▶ **Data excerpt**

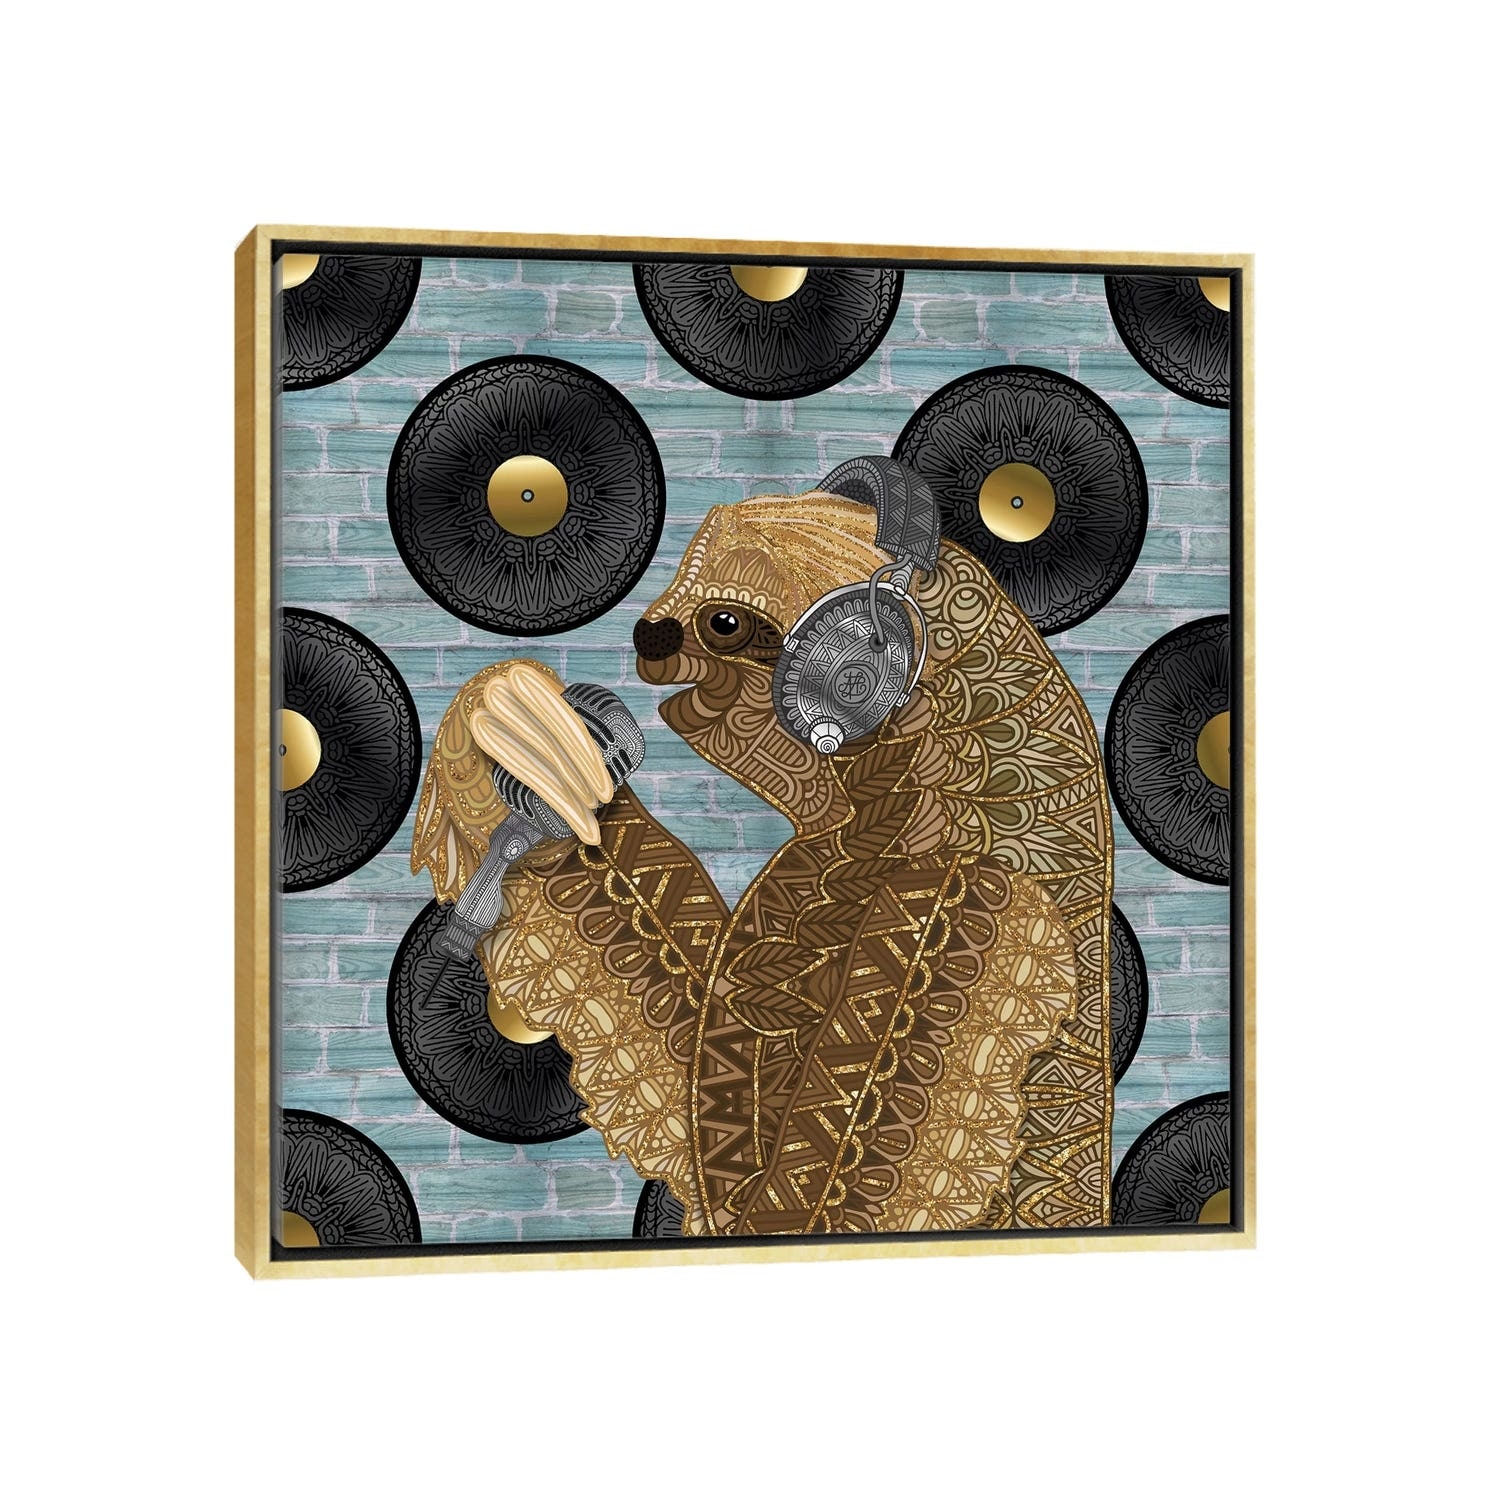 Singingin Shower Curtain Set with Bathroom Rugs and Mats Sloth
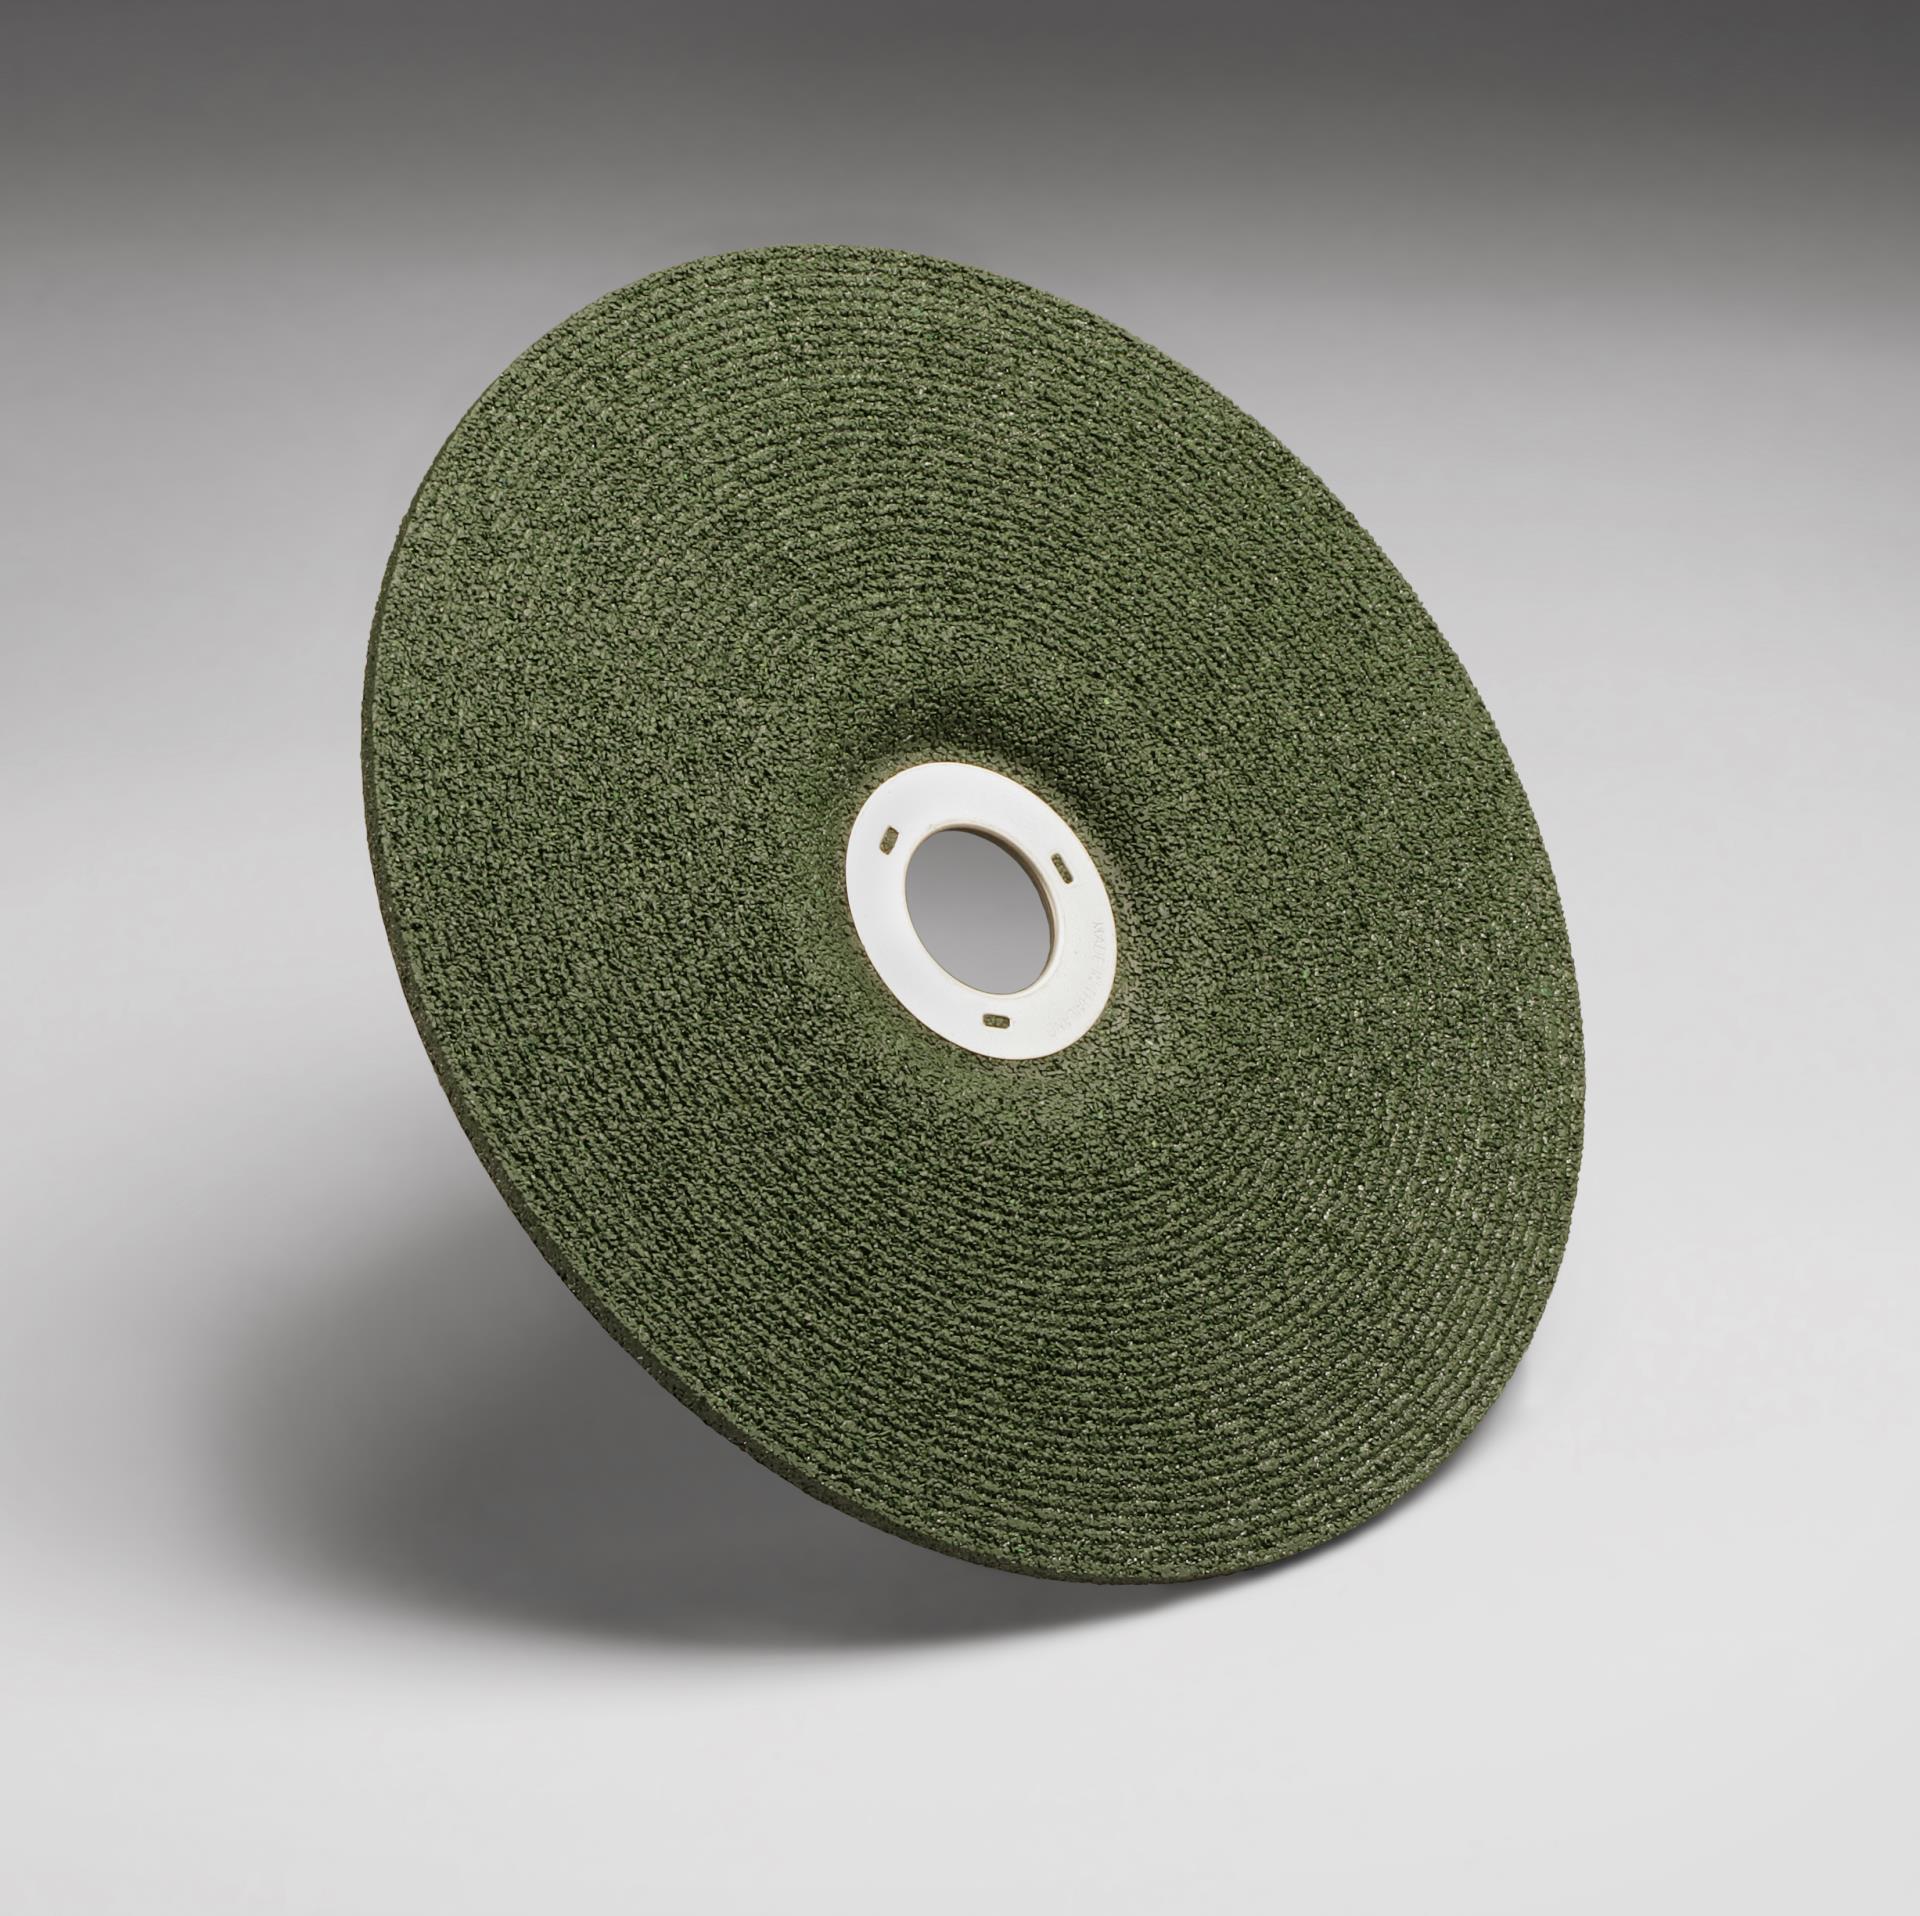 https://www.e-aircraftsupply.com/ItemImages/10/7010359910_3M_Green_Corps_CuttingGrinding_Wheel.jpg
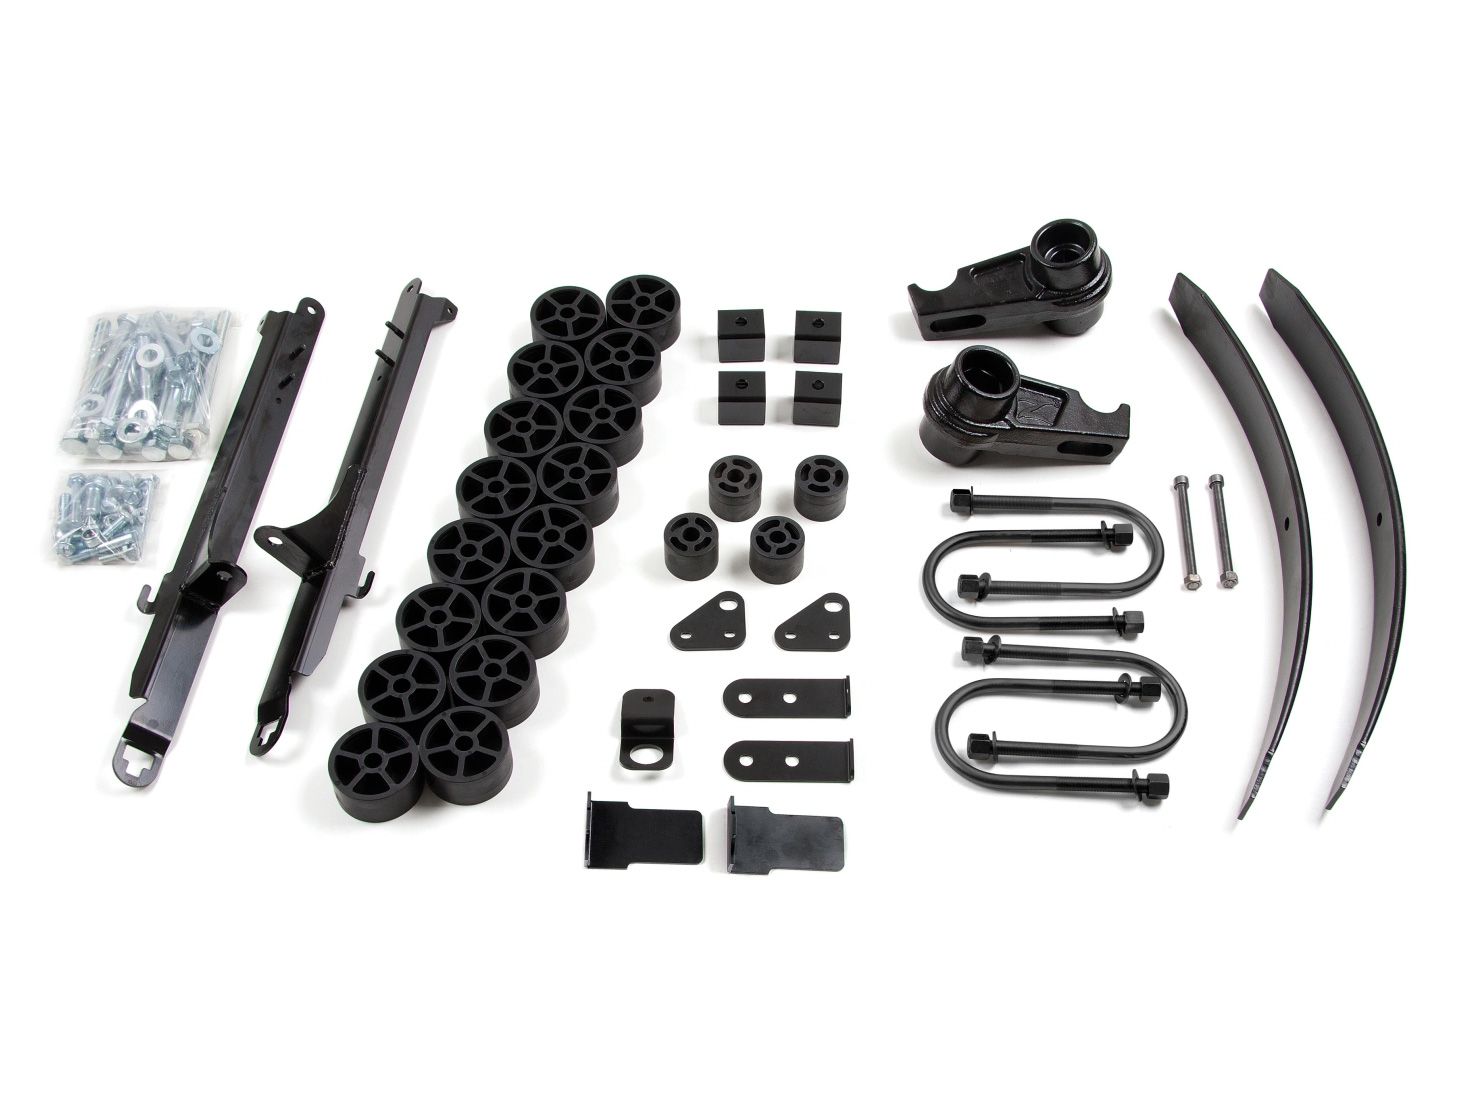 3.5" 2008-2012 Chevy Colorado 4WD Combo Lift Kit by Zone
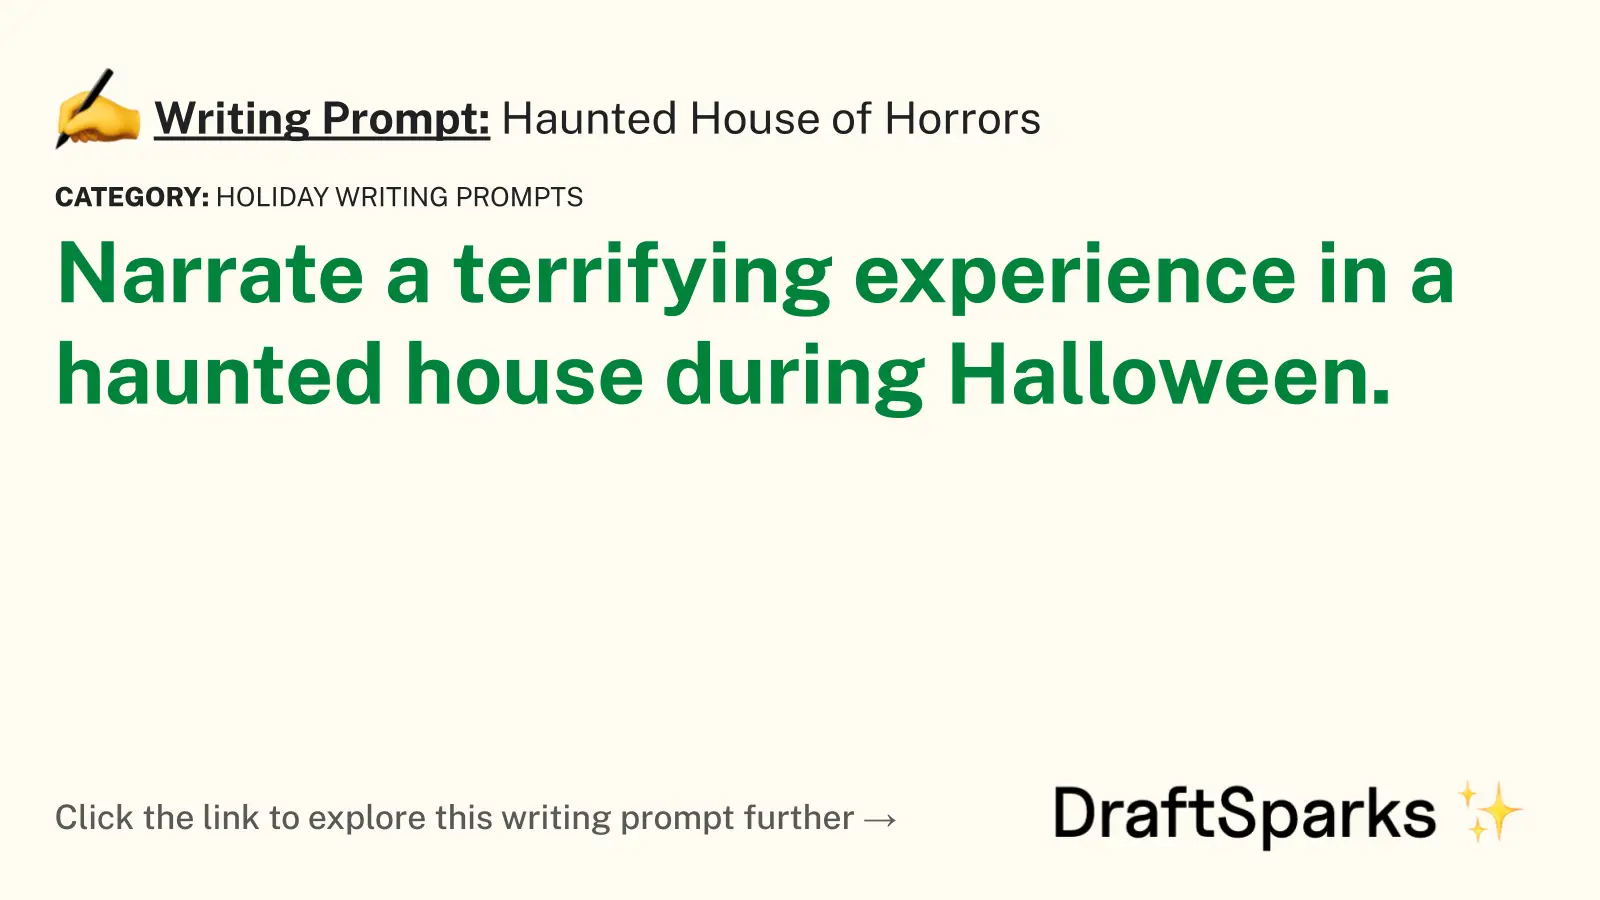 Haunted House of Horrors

▶ **Task instructions**
Leave the pictures out and set down the rest of the listing above exactly.

▶ **Result for this task**
 Singingin Shower Curtain Set with Bathroom Rugs and Mats Sloth
 https://www.e-aircraftsupply.com/ItemImages/10/7010359910_3M_Green_Corps_CuttingGrinding_Wheel.jpg
 3.5" 2008-2012 Chevy Colorado 4WD Combo Lift Kit by Zone
 Haunted House of Horrors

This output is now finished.